§ WHAT IS EXPECTED: Lines from the one containing "Křížový laser samonivelační, vč." through the end of the listing are what is wanted, given again exactly with both ends included and pictures left out.

§ DATA BELOW:
+ + +

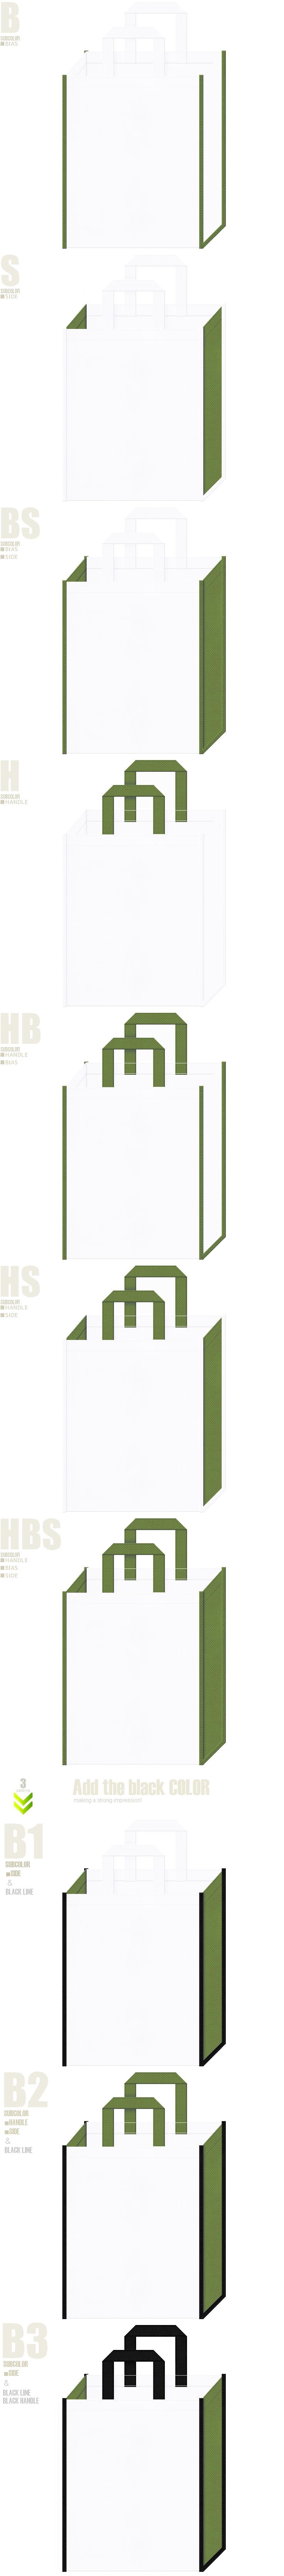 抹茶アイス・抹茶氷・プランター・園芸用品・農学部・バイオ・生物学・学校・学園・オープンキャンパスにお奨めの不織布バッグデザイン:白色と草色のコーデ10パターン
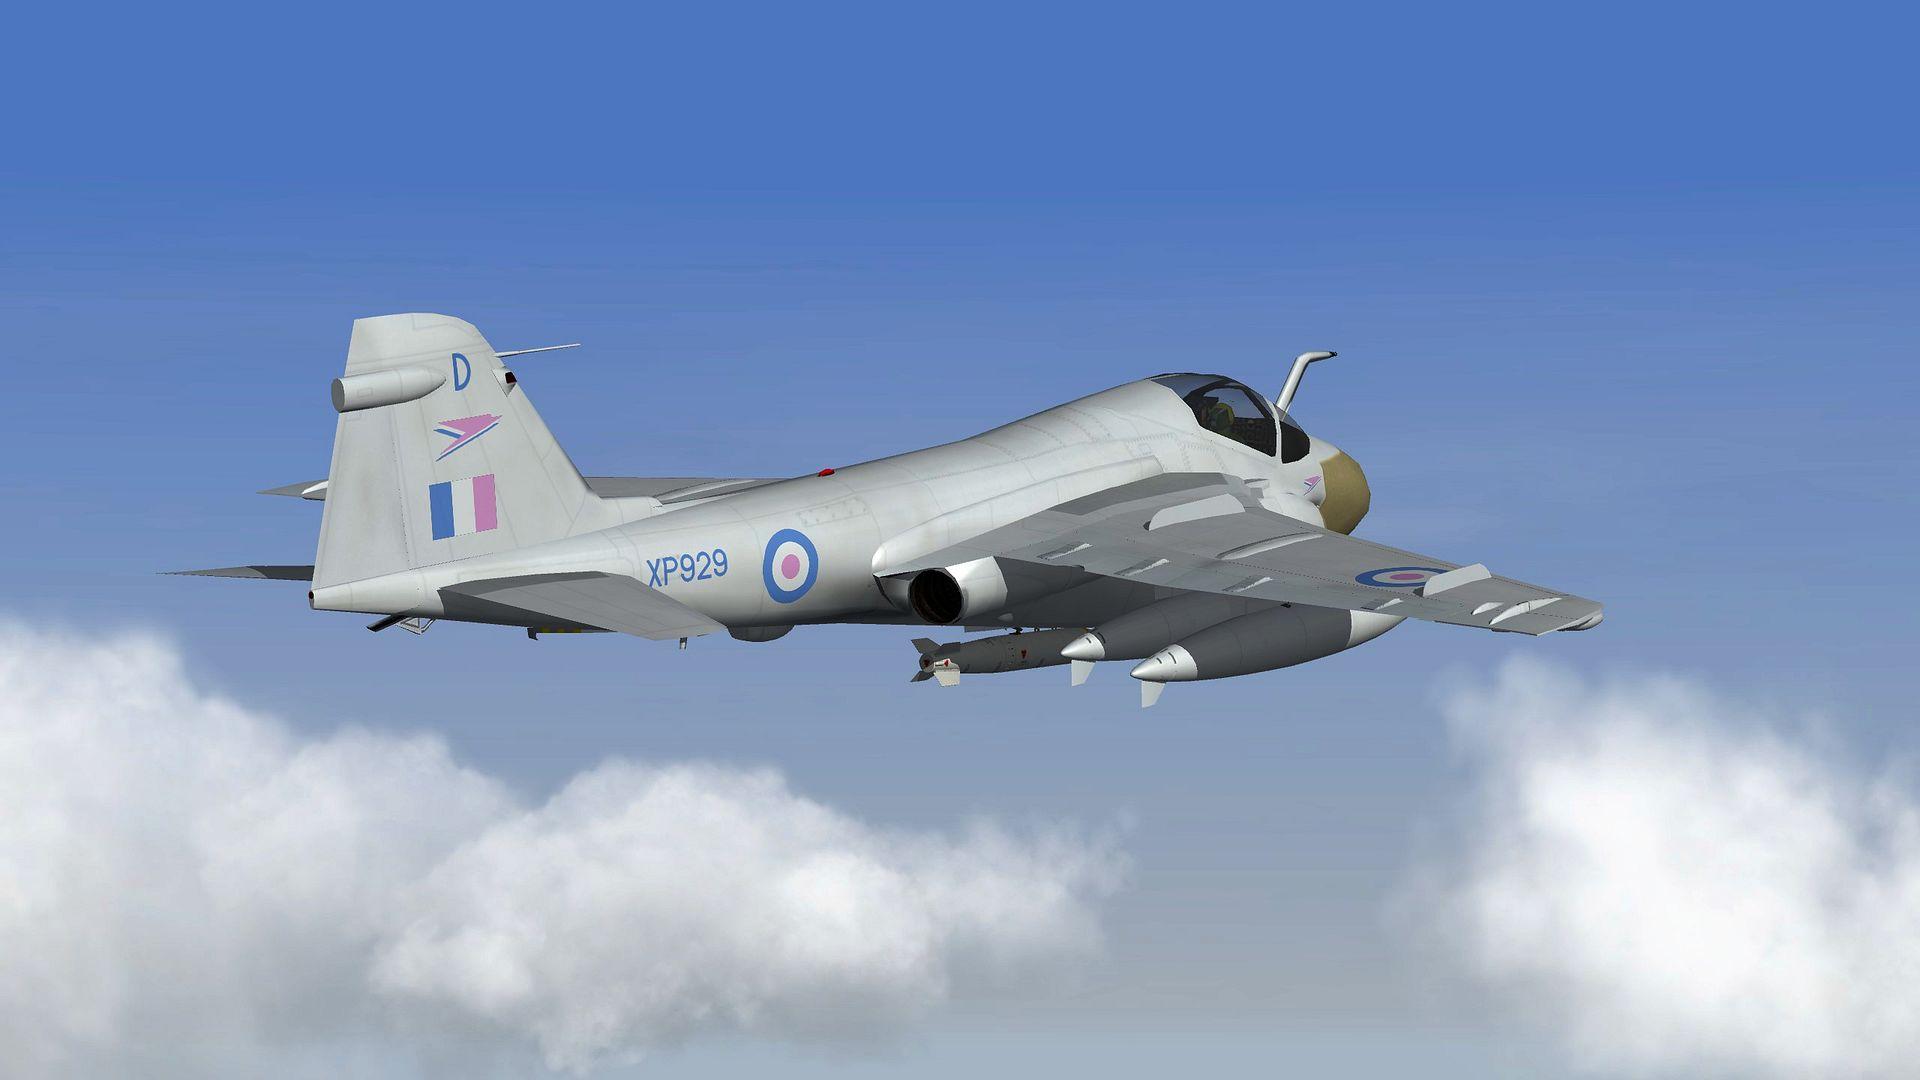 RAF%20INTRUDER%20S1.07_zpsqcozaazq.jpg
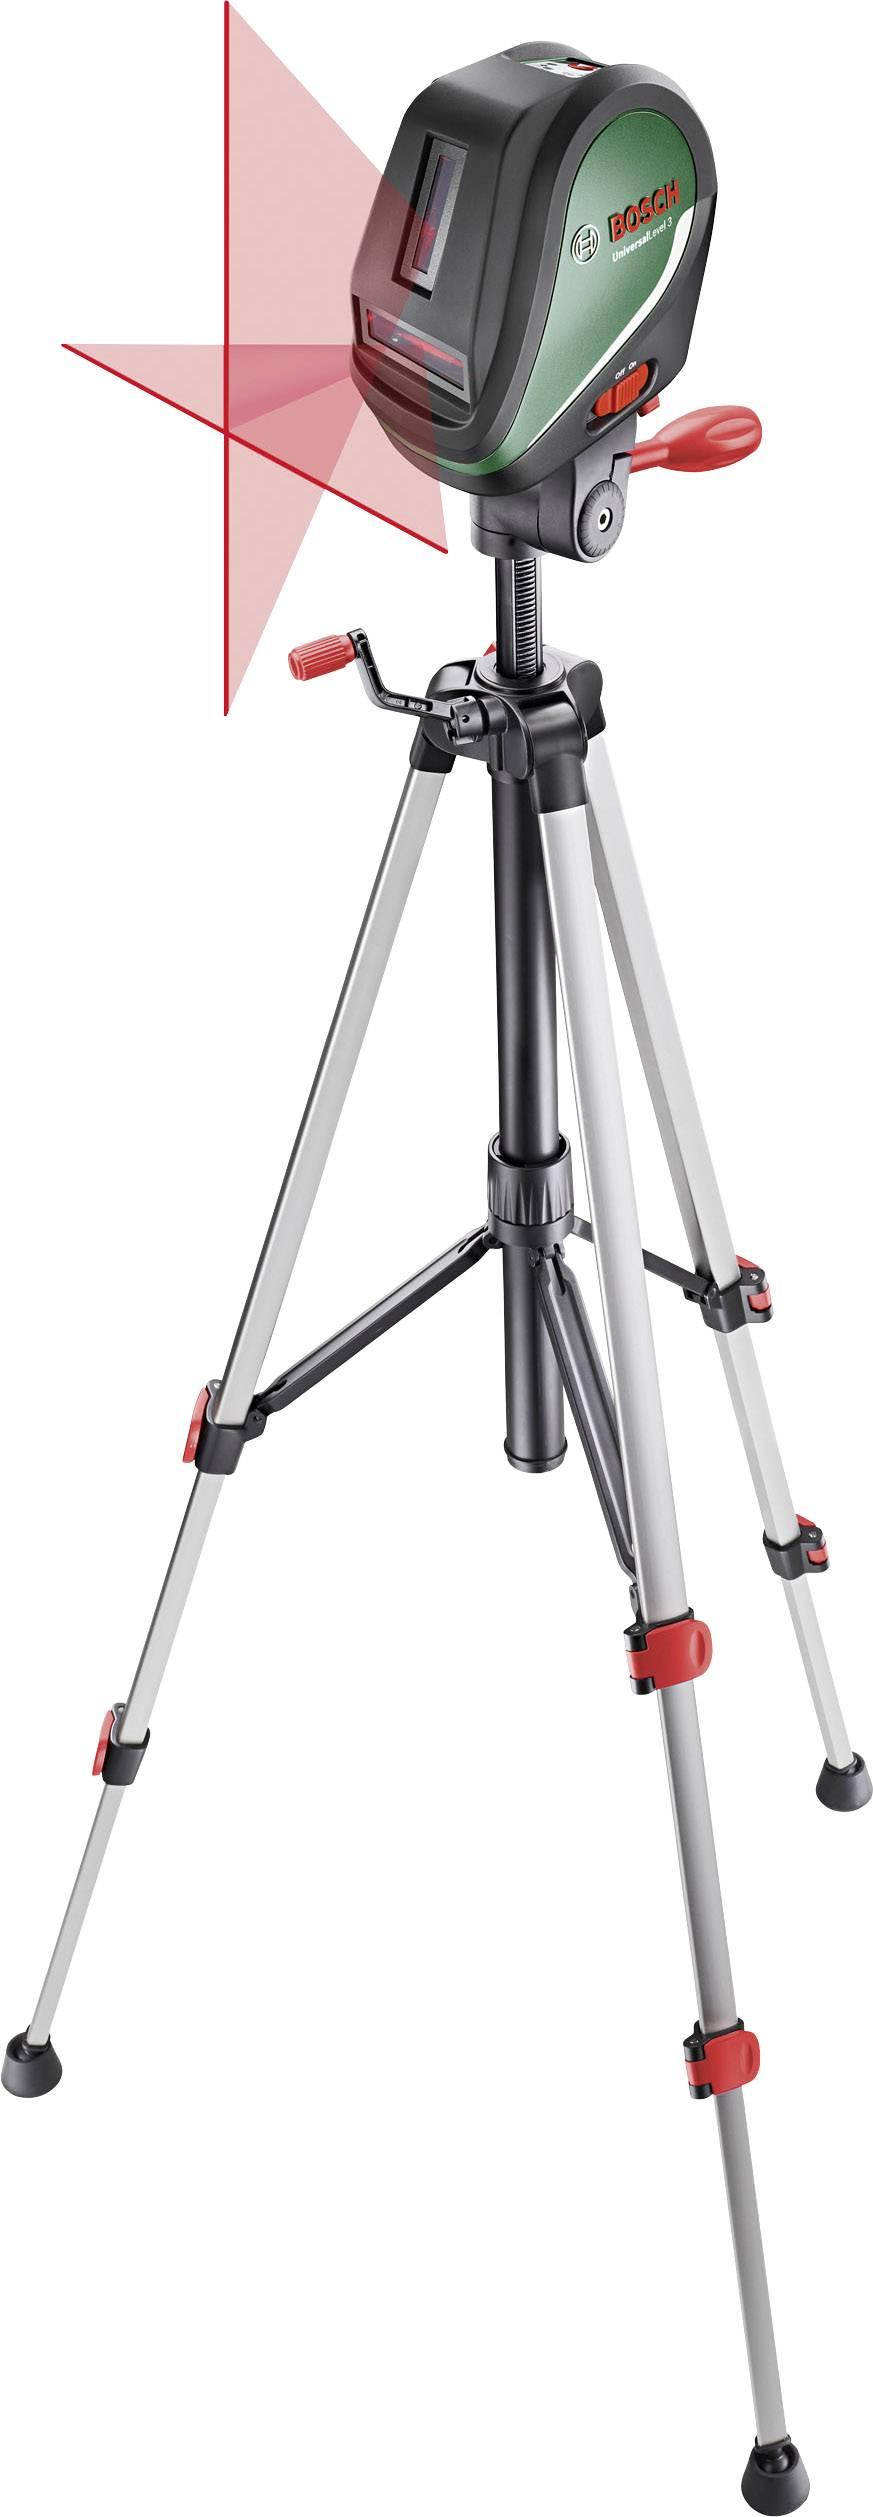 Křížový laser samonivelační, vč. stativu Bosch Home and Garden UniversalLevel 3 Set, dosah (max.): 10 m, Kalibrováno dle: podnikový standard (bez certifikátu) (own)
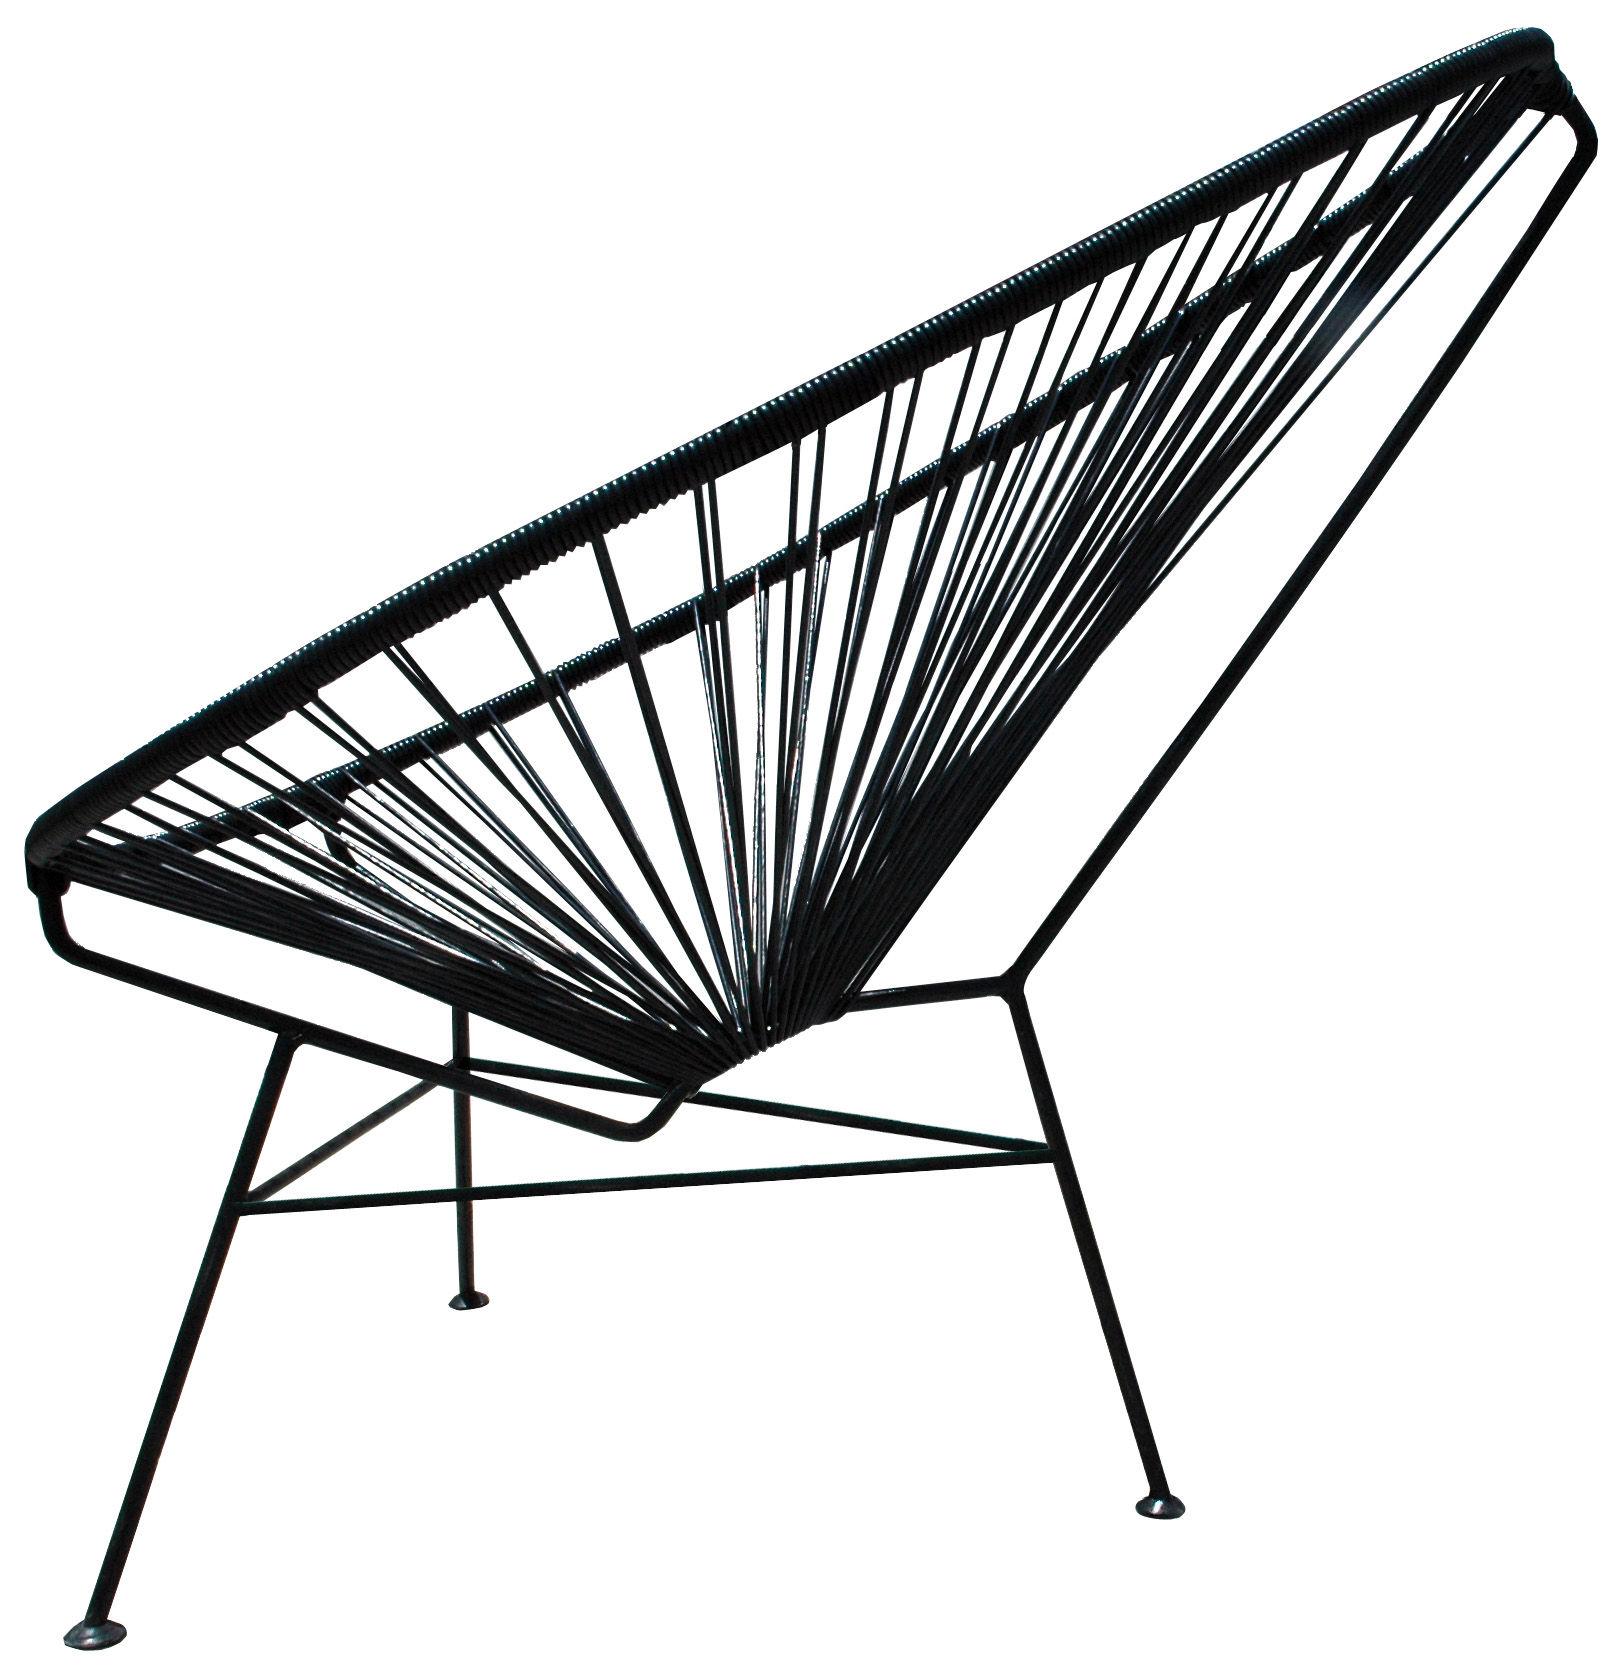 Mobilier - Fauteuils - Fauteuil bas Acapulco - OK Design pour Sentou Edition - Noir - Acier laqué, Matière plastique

+ + +

§ TASK OUTPUT:
 Křížový laser samonivelační, vč. stativu Bosch Home and Garden UniversalLevel 3 Set, dosah (max.): 10 m, Kalibrováno dle: podnikový standard (bez certifikátu) (own)
 Mobilier - Fauteuils - Fauteuil bas Acapulco - OK Design pour Sentou Edition - Noir - Acier laqué, Matière plastique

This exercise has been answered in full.